Protein A immunoaffinity hollow fiber membranes for immunoglobulin G purification: Experimental characterization

Abstract

Immunoaffinity adsorption is increasingly used for protein purification and medical applications. Synthetic membranes have advantages as support matrices in comparison to conventional bead supports because they are not compressible and they eliminate internal diffusion limitations. The goal of this study was to explore in detail the performance of microporous hollow fibers composed of modified polysulfone to which protein A was immobilized for adsorption of human IgG. The internal matrix was characterized by scanning electron microscopy. The binding equilibrium constant was measured using both static and dynamic methods. Break‐through curves up to ligand saturation were measured and used to study the effects of IgG concentration, presence of contaminant albumin, flow direction, flow mode, and especially filtrate flow rate and maximum IgG binding capacity.

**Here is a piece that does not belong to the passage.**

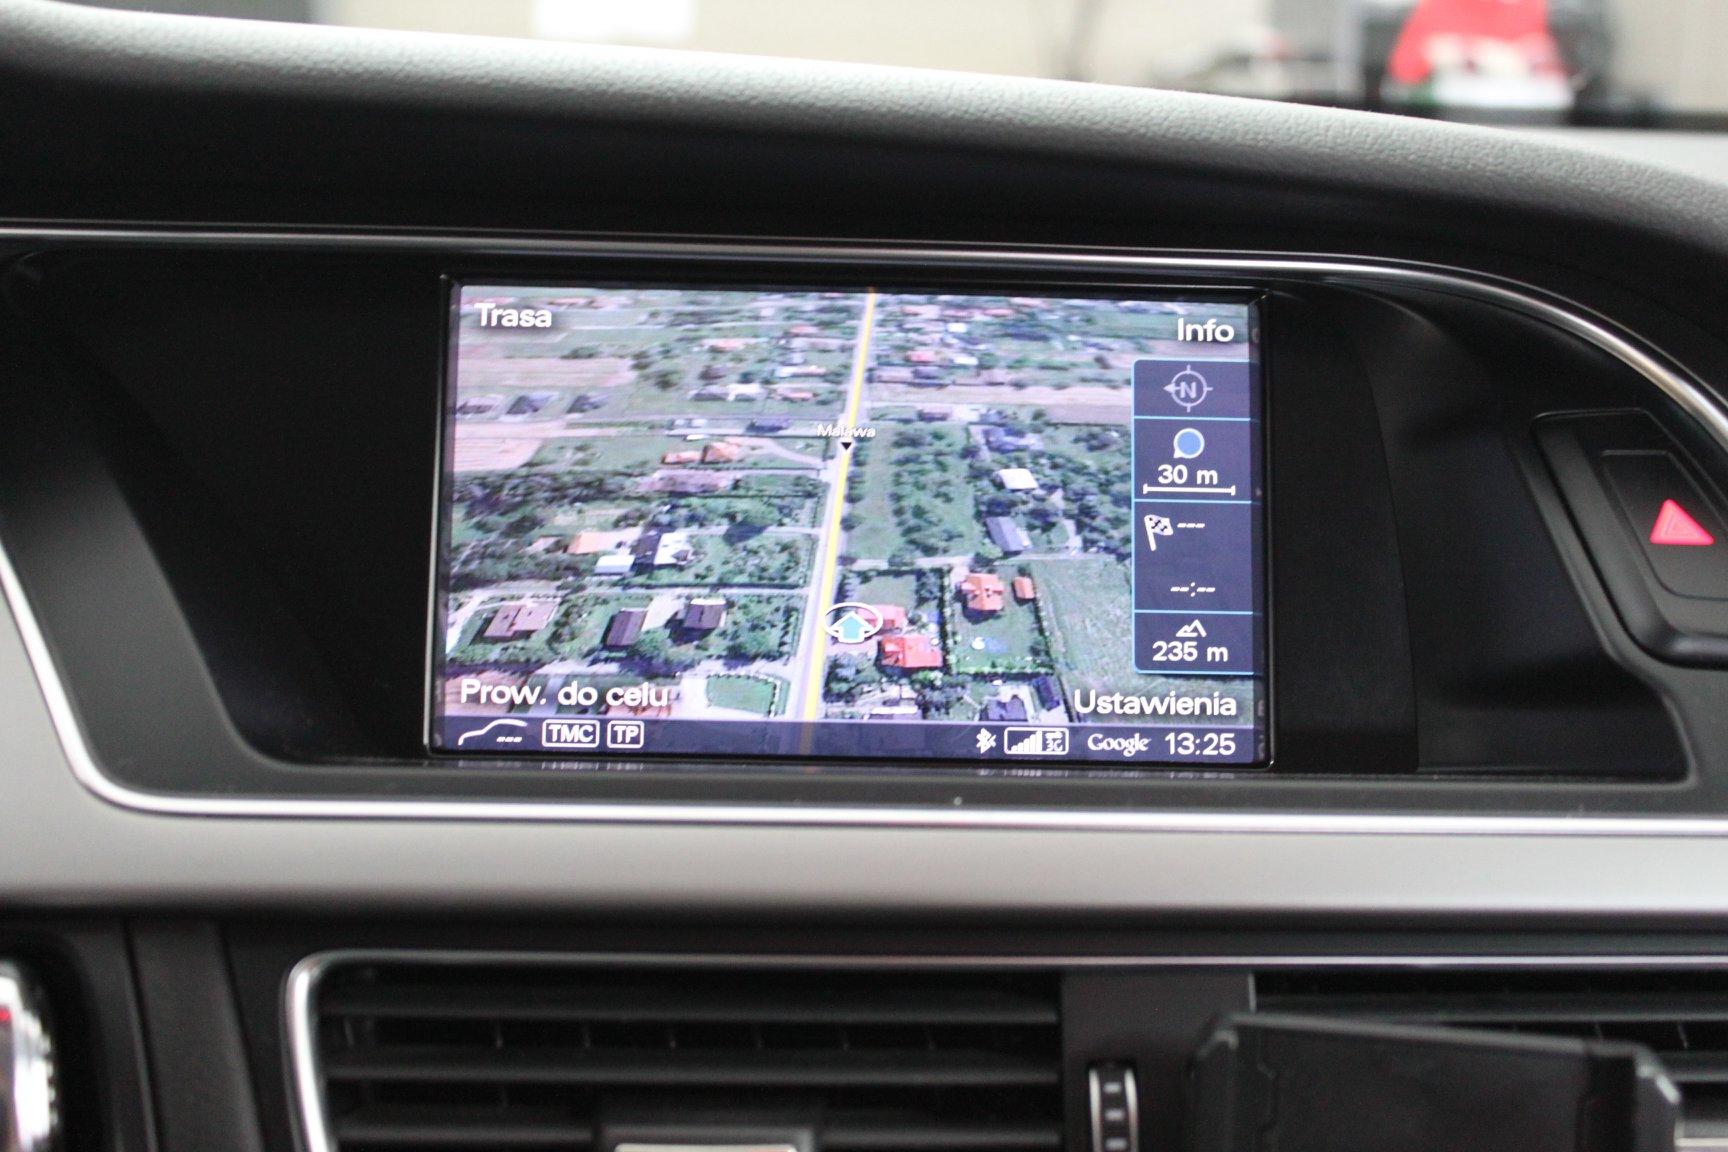 AUDI A4 B8 LIFT2014 2.0 TDI

The highest binding capacities studied were comparable with that attainable with bead matrices. All of the breakthrough curves could be represented on a single figure when plotted versus the dimensionless relative throughput (the mass of IgG loaded on the membrane divided by the mass that would be bound when the entire fiber is in equilibrium with the feed concentration), and the effect of operating variables on the position and shape of the individual breakthrough curves could be understood in terms of a dimensional performance parameter (the product of membrane volume and maximum binding capacity divided by the filtrate flow rate). The best breakthrough curves were obtained with the highest values of the performance parameter. Based on the results, membranes as solid supports for immunoadsorption can be a useful alternative to the use of traditional columns for protein separations. © 1995 John Wiley & Sons, Inc.